"Sebuah penghargaan besar yang patut disyukuri bersama bagi bangsa Indonesia, bahwa di tengah Pandemi Covid-19 dipercaya sebagai Presidensi Group of Twenty atau G20."
Pada laman website Bank Indonesia, dijelaskan bahwa G20 adalah forum kerja sama multilateral yang terdiri dari 19 negara utama dan Uni Eropa (EU), dengan merepresentasikan lebih dari 60% populasi bumi, 75% perdagangan global, dan 80% PDB dunia.Â
Konferensi Tingkat Tinggi (KTT) G20 Indonesia 2022 adalah pertemuan ketujuh belas Kelompok Duapuluh. Rangkaian kegiatan dalam kurun waktu setahun, mulai dari 1 Desember 2021 hingga KTT pada kuartal keempat tahun 2022. Sebagai puncak kegiatannya berlangsung tanggal 15-16 November 2022 di Bali.
Sebagai Presidensi G20, Indonesia mengusung semangat pulih bersama dengan tema "Recover Together, Recover Stronger". Sangat tepat di mana dunia dalam transisi akibat pandemi COVID-19, memerlukan suatu upaya bersama dan inklusif, mencari solusi pemulihan.
G20 harus hadir secara inklusif, untuk kepentingan dunia dalam pulih bersama. Presidensi G20 sebagai "bridge builder" dan "part of solution" yang sangat stratejik untuk perbaikan tatanan ekonomi dunia.

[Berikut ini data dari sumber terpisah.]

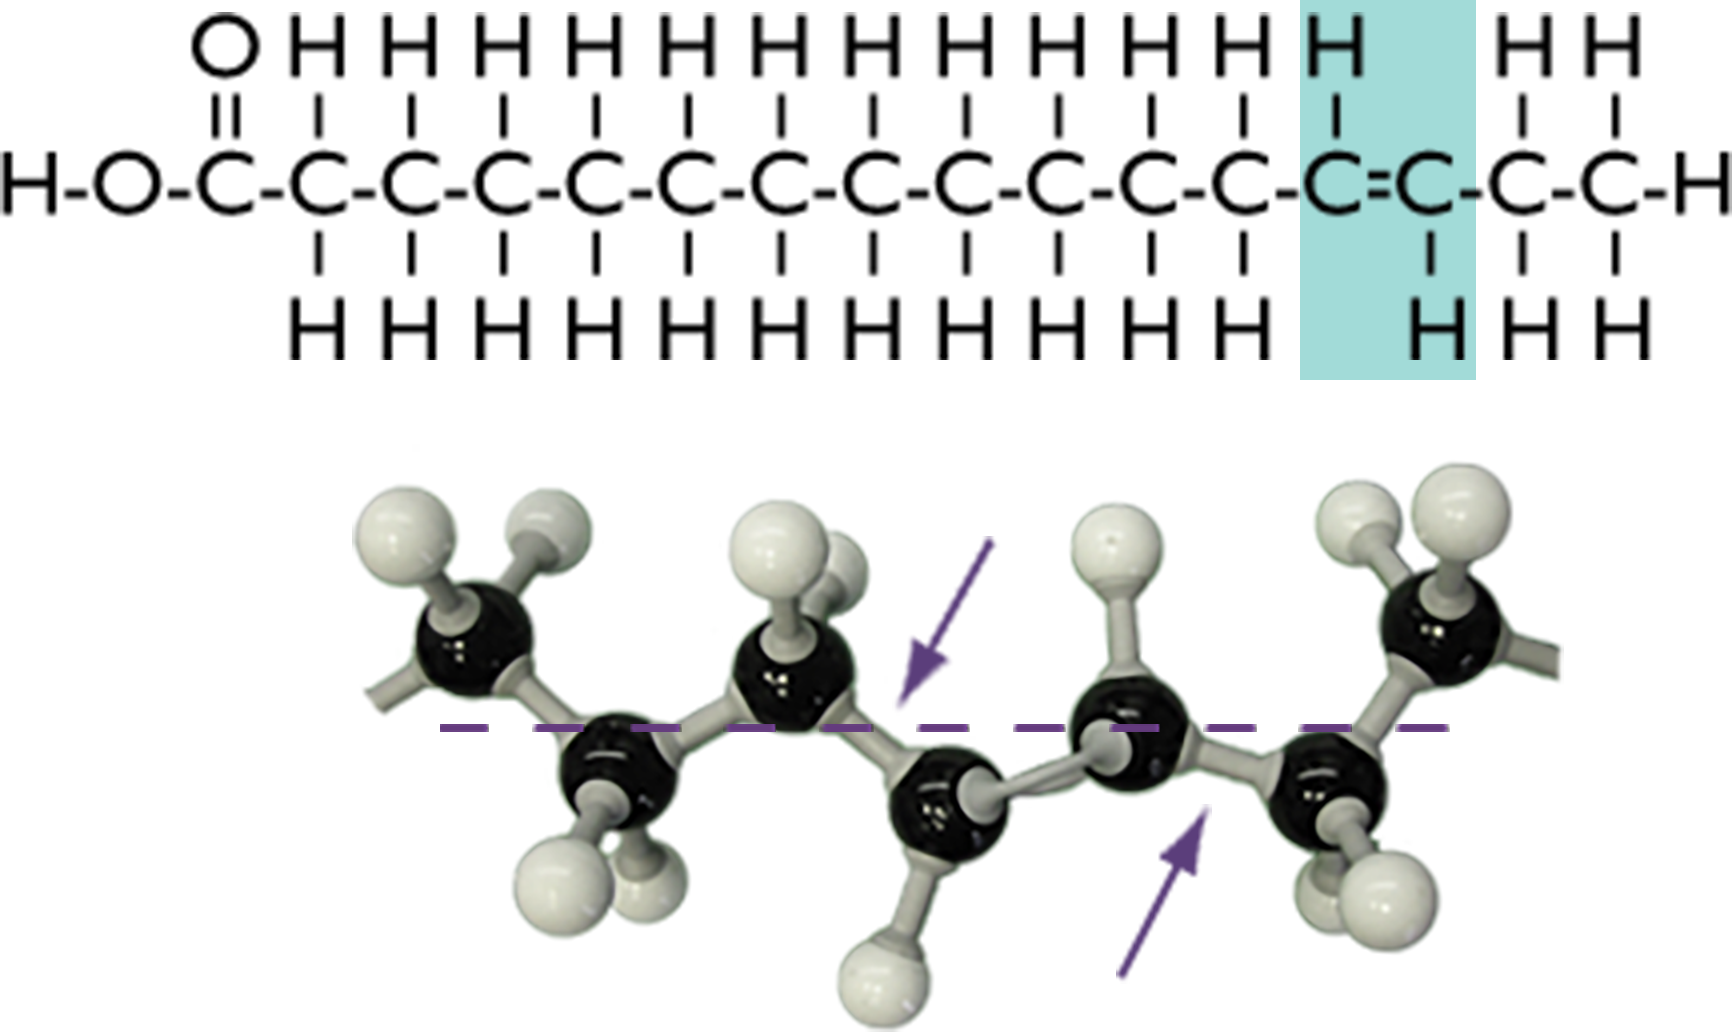 The chemical bonds of trans fatty acid with the carbon-carbon double bonds highlighted plus its molecular structure with a dashed line through the mid-line of the molecule and arrows marking the single carbon-carbon bonds adjacent to double bonds.

Anggota G20 terdiri dari Indonesia, Afrika Selatan, Amerika Serikat, Arab Saudi, Argentina, Australia, Brasil, India, Inggris, Italia, Jepang, Jerman, Kanada, Meksiko, Republik Korea, Rusia, Perancis, Tiongkok, Turki, dan Uni Eropa.
Sisi positif Presidensi G20, dapat memantik pertumbuhan ekonomi dan keuangan melalui Investasi Hijau dalam akselerasi pemenuhan tanggangjawab perusahaan industri produk berkemasan khususnya atas sisa produknya yang berahir menjadi sampah.

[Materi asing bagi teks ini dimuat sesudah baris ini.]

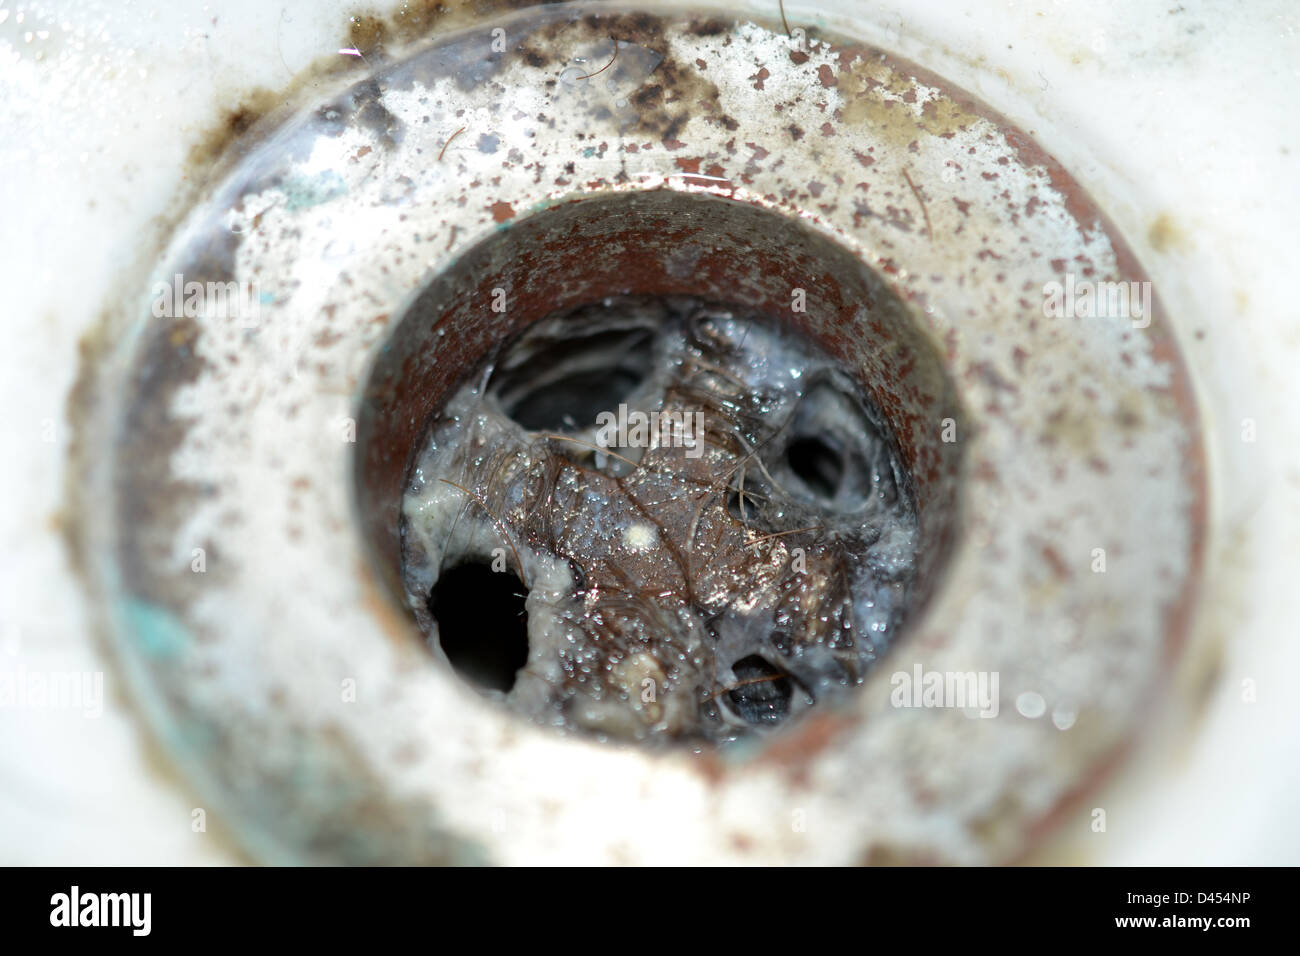 Close Up Of Clogged Bathroom Sink Drain Full Of Hair And Gunk Stock Photo Alamy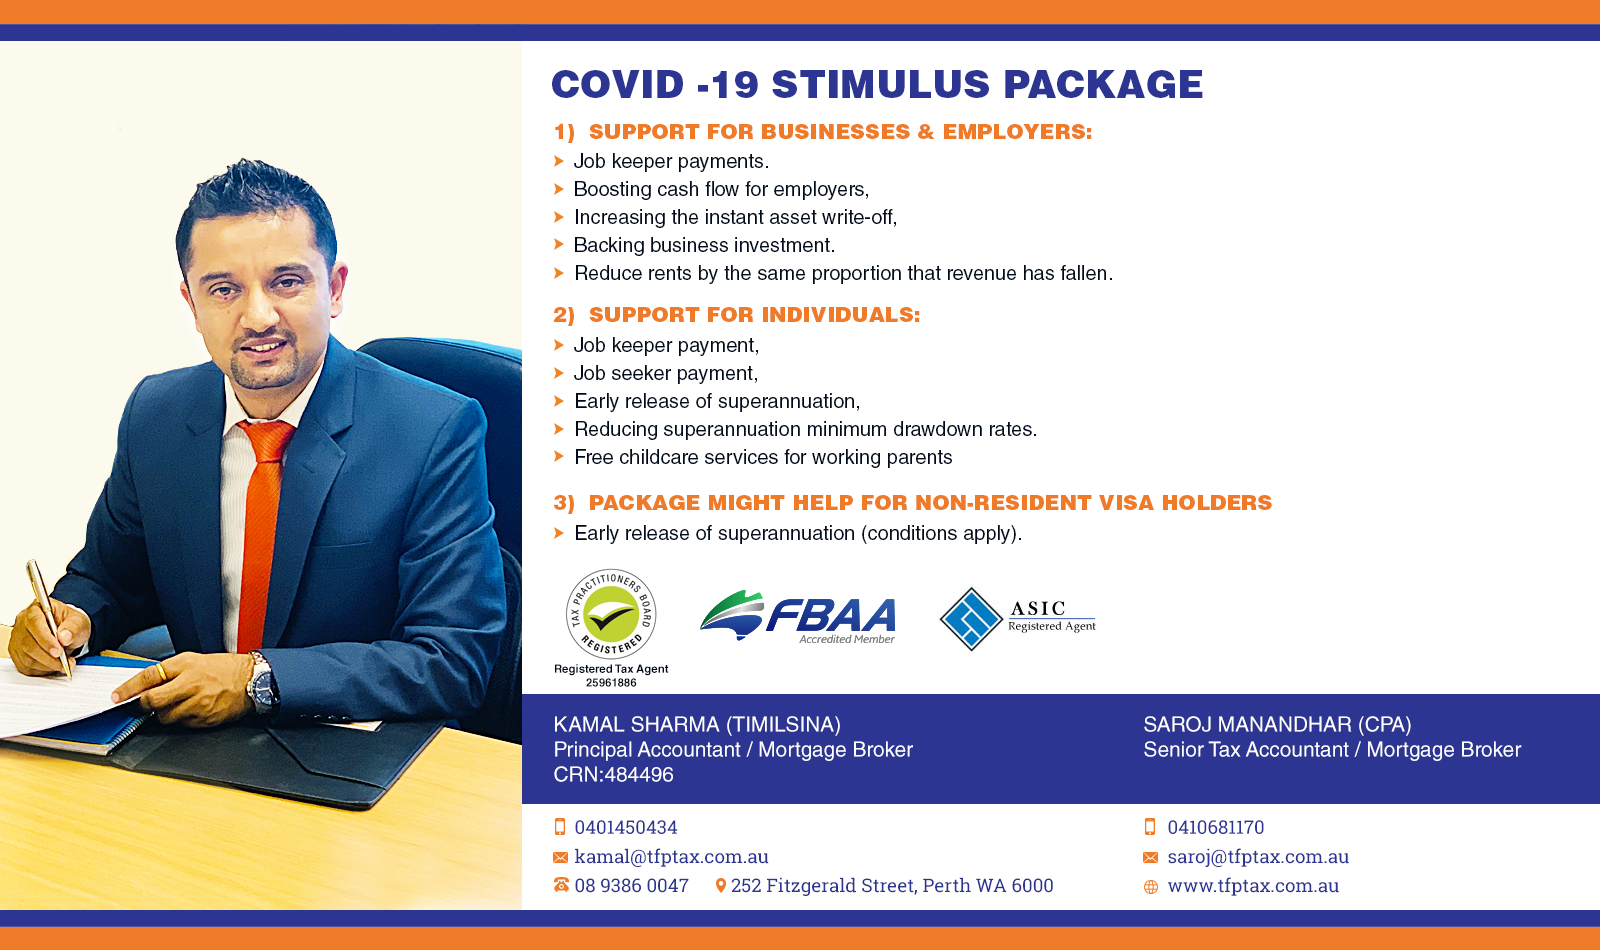 COVID-19: STIMULUS PACKAGES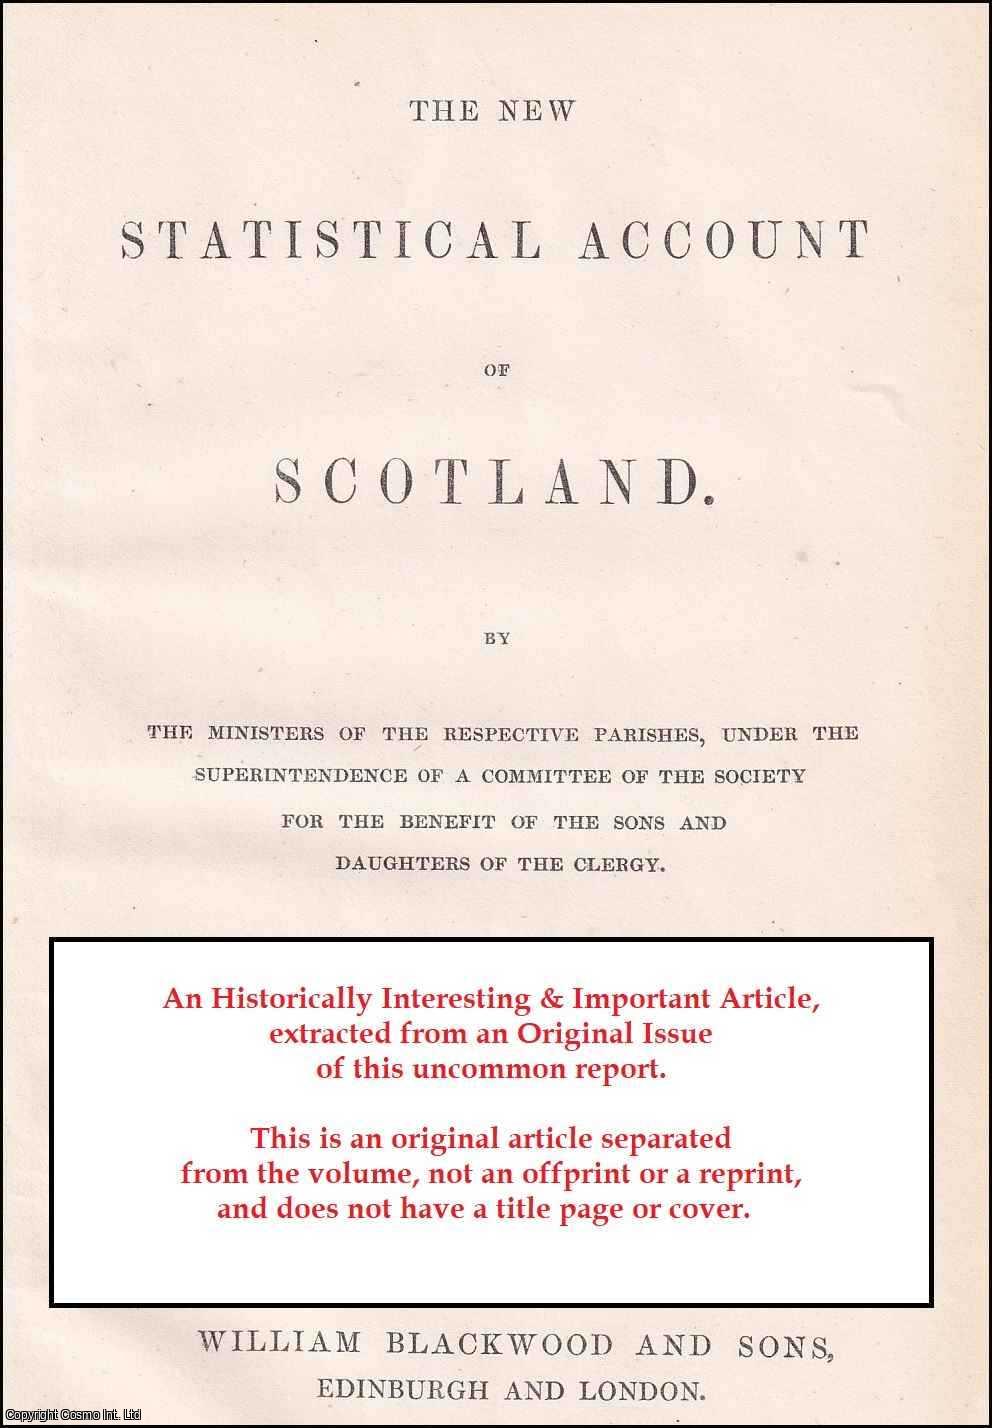 Rev. Dugald Campbell - Parish of Glassary. Presbytery of Inverary, Synod of Argyle. An uncommon original article from The New Statistical Account of Scotland, 1845.

Apresiasi kepada Bank Indonesia dan Kompasiana telah menyelenggarakan event G20 BI-Stronger Fest Article Writing Challenge. Diharapkan artikel ini sebagai sumbang saran pada G20, agar menjadi bagian dari sejarah percepatan pelaksanaan Industri Hijau di Indonesia.
Sampah dan Perubahan Iklim
Isu perubahan iklim menjadi salah satu bahasan utama dalam rangkaian acara G20. Di mana pengelolaan sampah pula menjadi pendukung utama pengendalian perubahan iklim yang harus dilakukan menuju industri hijau (green industry) atau industri berkelanjutan (sustainability industry).

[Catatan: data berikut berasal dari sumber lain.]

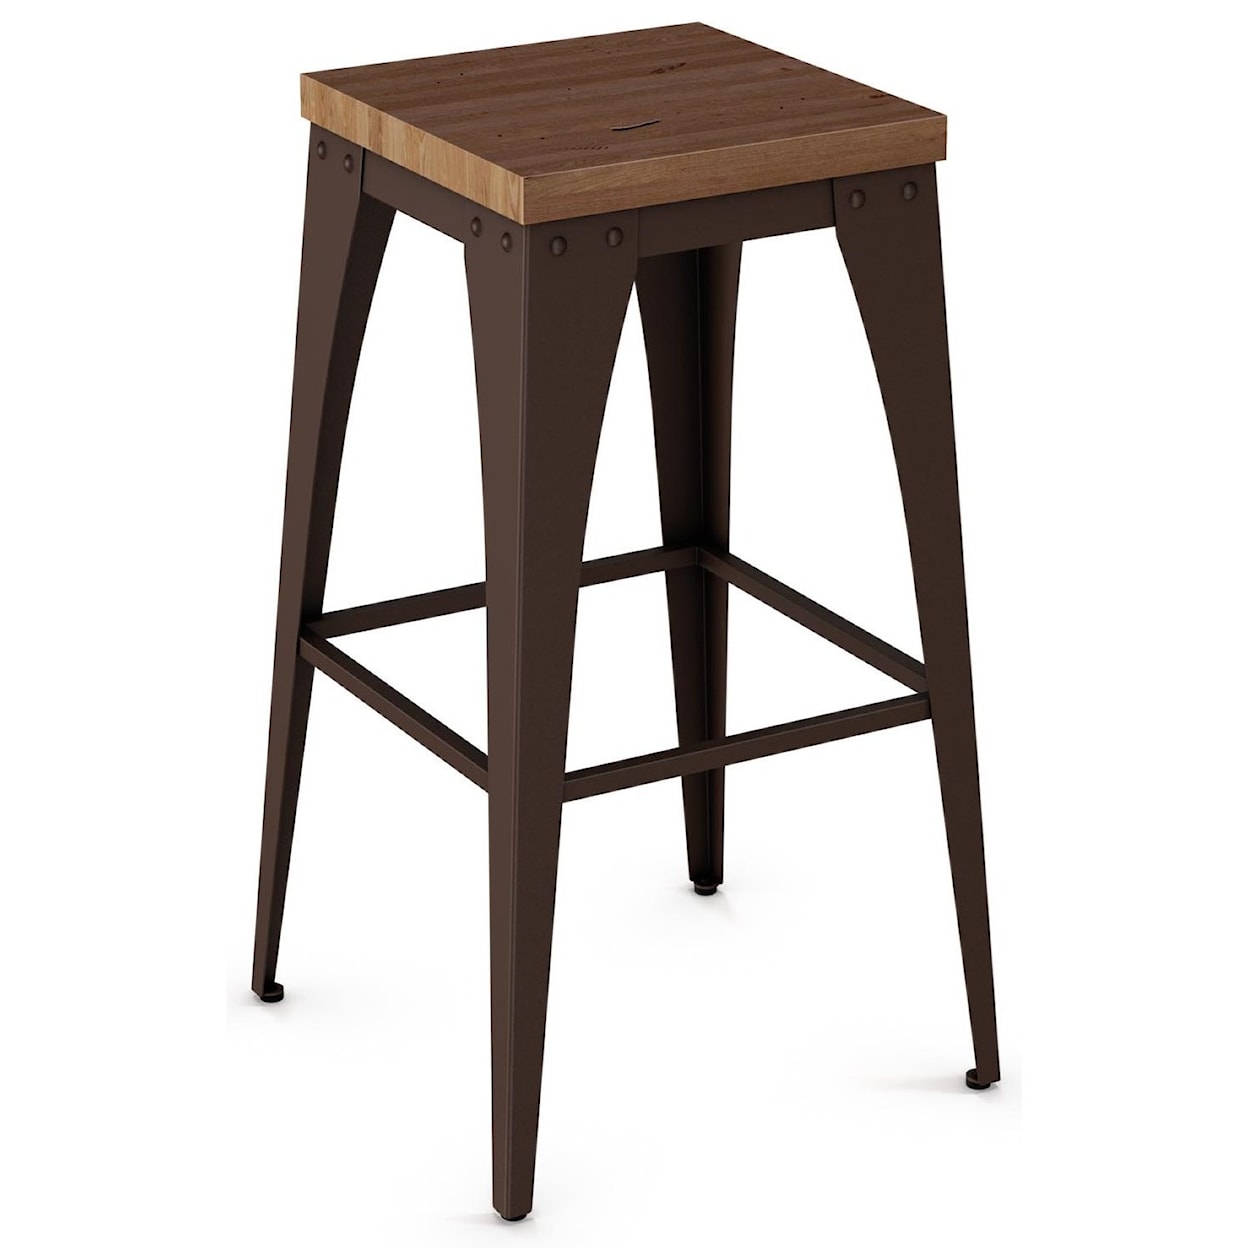 Amisco Industrial 30" Upright Stool with Wood Seat

Sebagai pemantik Industri Hijau adalah melaksanakan Extanded Produser Responsibility (EPR), sebuah kewajiban industri produk berkemasan untuk ikut bertanggungjawab atas sisa produknya yang menjadi sampah, baik dalam maupun di luar kawasan industrinya.
Termasuk kewajiban seluruh negara G20, secara sendiri maupun bersama harus ikut menjaga "lingkungan" di Indonesia sebagai paru-paru dunia, saatnya kepala-kepala negara G20 diingatkan untuk penuhi kewajibannya menjaga paru-paru dunia sebagai tanggungjawab bersama.
Industri multi nasional yang ada di Indonesia, sebagian besar investasi asing yang perlu diingatkan kewajibannya sebagai penghasil sampah di Indonesia. Jangan ragu, mereka sesungguhnya paham EPR, karena sudah lama diberlakukan di luar negeri untuk pembiayaan sampah.
Indonesia berperan besar dan memiliki kekuatan sebagai Presidensi G20 didalam memengaruhi dan menekan pelaksanaan EPR di Indonesia, khususnya bagi perbaikan ekonomi dan keuangan Indonesia, Kementerian Keuangan bersama Bank Indonesia sedapatnya menjadi katalisator pelaksanaan atau penampung dana EPR sampah.
Presidensi G20 menjadi momentum untuk tunjukkan bahwa Indonesia is open for business. Harus mendorong pembangunan ekonomi dan sosial berkelanjutan dari sumberdaya sampah, untuk didedikasikan pada dunia dan Indonesia, di mana sampai hari ini Indonesia masih kondisi darurat sampah karena belum menjalankan EPR.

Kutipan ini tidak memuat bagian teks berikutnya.